Somewhere, Jeff Zucker and Jeff Gaspin — hell, a whole lot of NBC alumni, not all of them named Jeff — should be laughing, or at least smiling.
The New York Times is the latest news outlet to pile on and mildly advance the story that Jay Leno will be replaced by Jimmy Fallon, most likely some time in 2014.
Yet as one would think NBC might have learned by now, there is absolutely no way to do anything involving a change in latenight that does not turn into a whopping public-relations nightmare unless the guy you are replacing comes to you and says, “I really want to spend more time…” A) playing comedy clubs; B) enjoying my car collection; C) at home, counting large stacks of money; or D) any combination of the above.
Now, to go back a few years, even casual observers might recall when faced with this multiple-choice question, Leno chose E) shop myself to other networks, which set off the panic that ultimately led to his 10 p.m. NBC talkshow — you know, the one doing better most nights than the current crop of NBC dramas.
Leno might have a change of heart, but banking on that to save the network’s bacon — and keep its PR department from drinking Maalox out of the bottle — is sort of like betting on three No. 16 seeds to advance in the NCAA tournament.
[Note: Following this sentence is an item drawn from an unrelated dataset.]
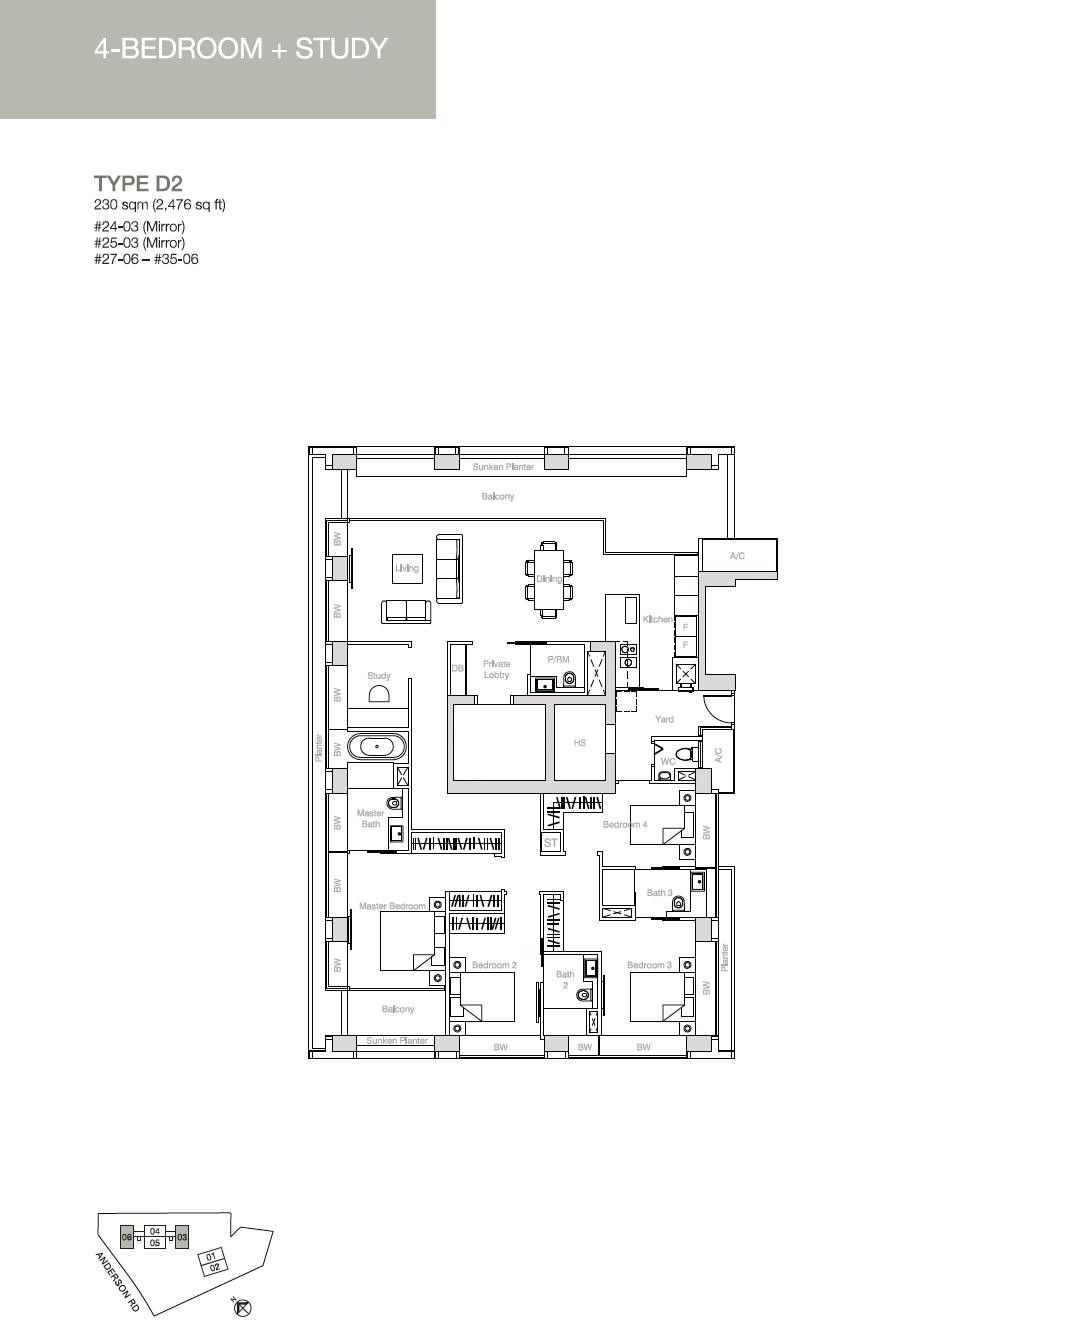 Nouvel-18-floor-plan-4BRStudy

The real mystery, amid all of this, is why on Earth network honchos — faced with as much bad PR as they’re already garnering — would brave wading into the treacherous waters of latenight at this juncture. Does Jimmy Fallon really have so many inviting options that he has to be handed “The Tonight Show” right now, or they’ll risk losing him? And does anyone at NBC really think Fallon — while almost certainly skewing younger — will do markedly better than Leno, especially if the network continues to struggle in primetime?
As I wrote a few weeks ago, the only real strategy that would make sense at this point would be to treat Leno like the Pope: It’s a lifetime gig, unless he decides otherwise.
But perhaps I’m overthinking all this. The Times’ Bill Carter hasn’t written a latenight book in a couple of years, and Conan O’Brien is slated to perform at the upcoming White House Correspondents Dinner in April. Maybe the network just wants to give the two of them — and the rest of us — something to write about and joke about, respectively. (O’Brien’s TBS show, incidentally, is dark this week, but those with a taste for the perverse might be inclined to tune in when he returns this Monday.)
The bottom line is until the network definitively settles this question — in a manner that will quiet the speculation, and not just punt it down the road — the Spanish term for the network’s Peacock is going to be pinata.